“Barbie” was an emotional experience for me. Sitting between my mom and sister, tears in my eyes, I entered Barbie Land fully along for Barbie and Gloria’s journey of reckoning. The humor was just as important as the heavy-heartedness.
For me, the heart of the film was the moment when Barbie considers an old woman sitting next to her on a bench and concludes, “You are beautiful.” The woman responds, “I know.”
I didn’t think anything could have hit me harder. Alongside Barbie, we got to reverently acknowledge the majesty of a woman who has settled into herself.
Which is why I was so surprised at my dad’s response. Just on the other side of my mom, he was watching an entirely different movie.
The first thing he said as we left was, “Shang Chi was awesome!” (To be fair, he had been clear that Simu Liu was the main reason he wanted to see the movie.) He loved the fight scene that turned into a dance.
It felt so at odds with the trip I’d just been on. I could tell that he was aware of our internal experiences, but didn’t really feel like he should be part of the conversation — that was our personal affair. Ultimately, he didn’t relate to Barbie and Gloria, but he understood that we did.
Of all the men I’ve talked to since, he seemed to have the deepest response. The rest live together in a land of caveats and dismissals.
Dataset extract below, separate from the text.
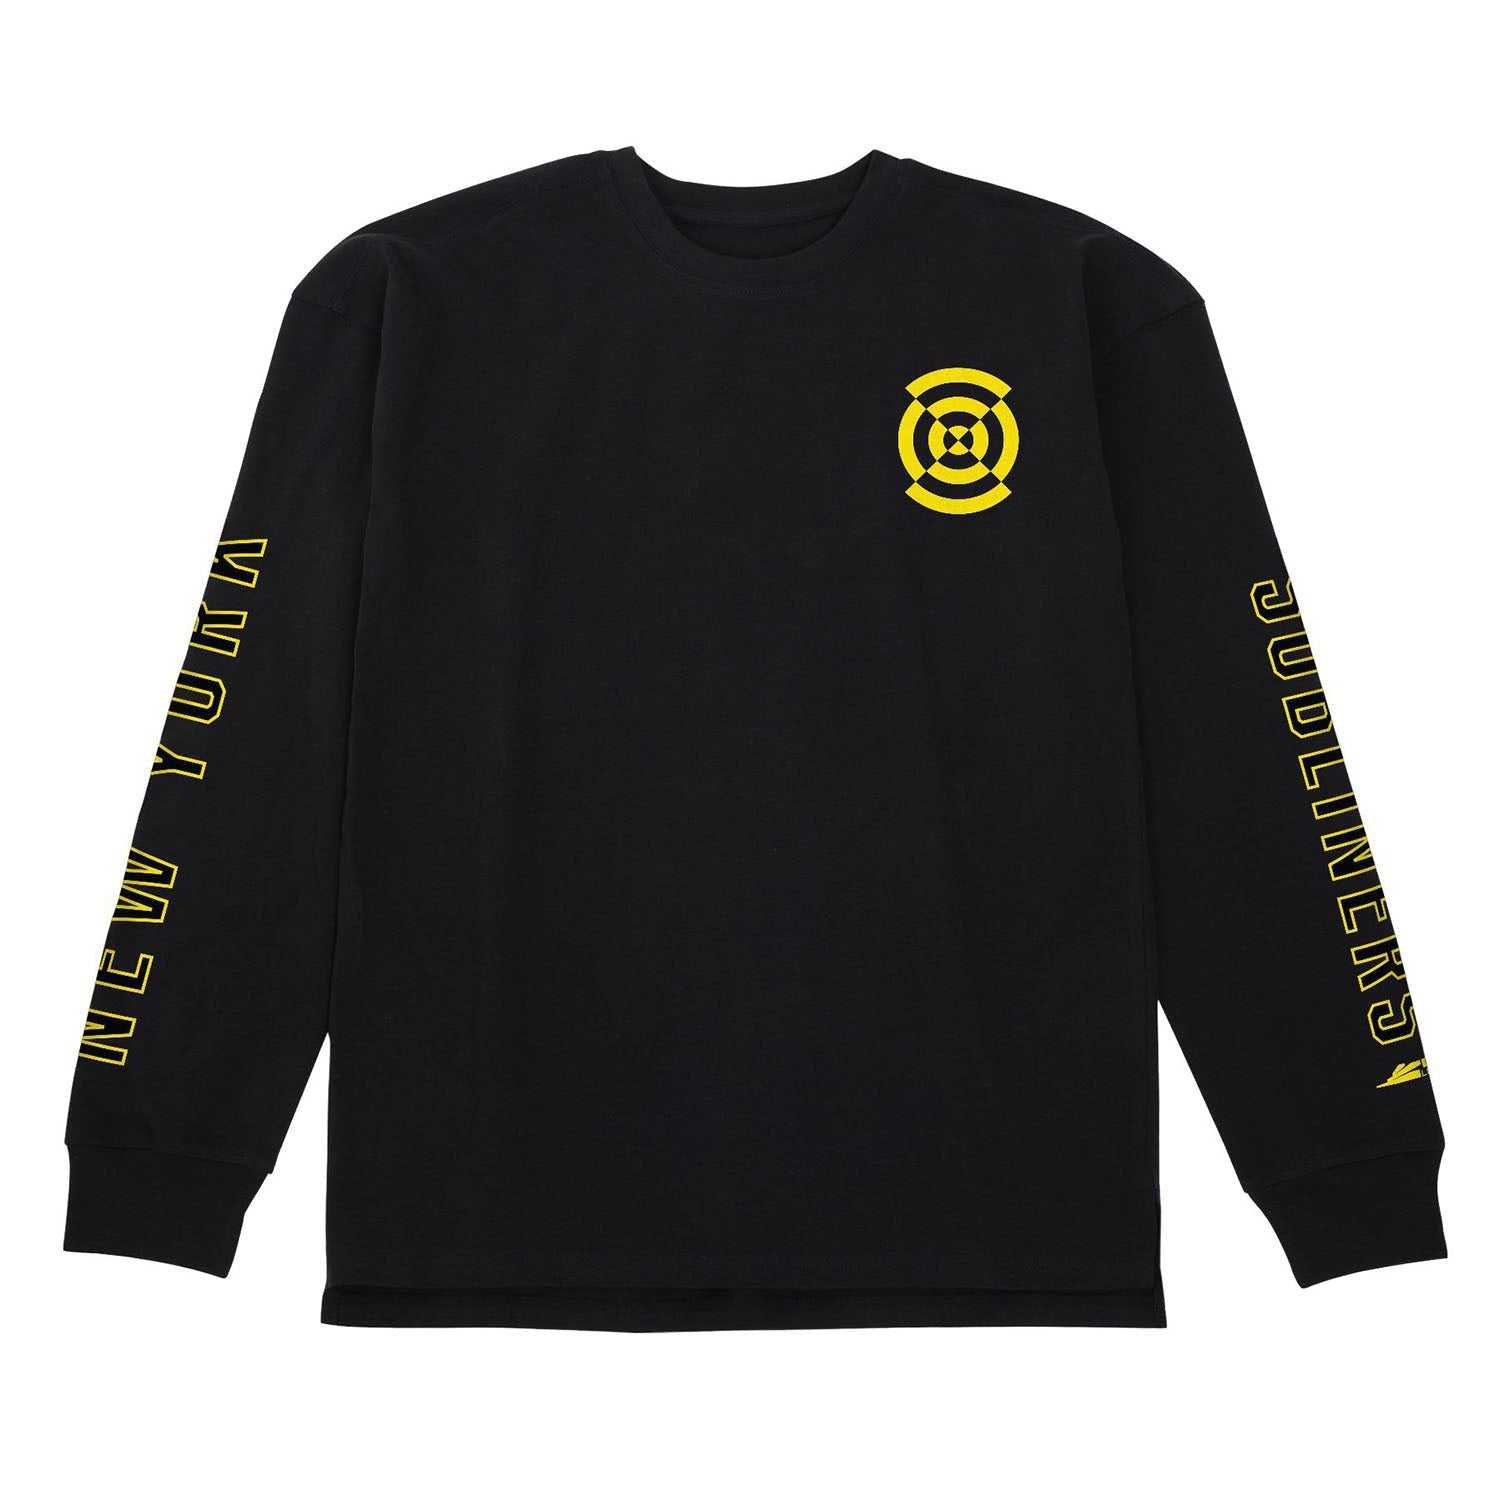 New York Subliners Black Heavyweight Long Sleeve T-Shirt - Front View

“It was funny! I felt a little personally attacked, but it’s whatever. Still funny though.”
“I didn’t like it as much as ‘Oppenheimer.’ It was good, you know, funny. But I didn’t really connect with it.”
“No, yeah, I liked it! It did feel like some of the points it was trying to make were all over the place though.”
I’d continue but it would risk unnecessary repetition.
Naturally, as a woman, I was not trained to let these comments roll off my back. Because they are men, I had to take them seriously.
But why had their experience with Barbie been so different from mine?
It was only exacerbated by my experience with “Oppenheimer” — clearly a man’s personal reckoning with societal changes that he is a participant of. The entire experience was conflicting. While I felt his fervor for discovery and excitement at wielding his intelligence, I simultaneously felt deep frustration at how easily he and the other men pulled the rest of the world into a new age of horror. All his hubris and asinine assumptions in the face of great consequence was on full IMAX display.
I could empathize with “Oppenheimer” and disagree with him at the same time. My male counterparts could not do the same for “Barbie.”
It is because they (you — for those dear men who have continued to this point) haven’t had the same kind of training to empathize with women’s perspectives yet.
Aside from living under a system that is constructed around male identity and experience, there is something to be said for consistently watching media that reflects that perspective. As film theorist Laura Mulvey has been pointing out for 50 years, films have typically been made and viewed within a male perspective. The man is the actor and the woman is an object (usually of desire) who doesn’t affect the plot much. It is usually the man’s emotional space and inner experience portrayed over and over in films.
As a woman, I have become adept at putting myself into his shoes to make a meaningful viewing experience. In movies and in life I am well trained in “trying to understand” why a man feels a certain way and what is going on in his life that explains his behavior. It is a great skill, as long as it doesn’t mix with my tendency to devalue my own perspective.
The men in my life have not had the same need to understand though. Their heroes and role models look like them. The people they are taught to respect and listen to are the horse-riding men that Ken is drawn to. They operate in a world that fosters their myopia.
“Barbie” has become a test for how well a man can put himself in a woman’s shoes.
The emotional throughline is not only from a woman’s view point, it is about growing into that viewpoint by leaving the world where she, Barbie was “the man.”
Thank the Hollywood-powers-that-be, it was marketed to general audiences, not marginalized as a chick-flick.
I have to believe there are men out there who can watch “Barbie” and cry, who can feel Barbie’s pain and joy as she takes on the quandaries of true womanhood. I have to believe there are men out there who can laugh at Ken (and themselves) and own up to how accurate the portrayal is, no matter how much spectacle adorns it.
Show me that man and I’ll show you someone who knows he is Kenough — and so are all the Barbies and Glorias in his life.
Leesie Clegg, born and raised in Utah, is a filmmaker based in Provo.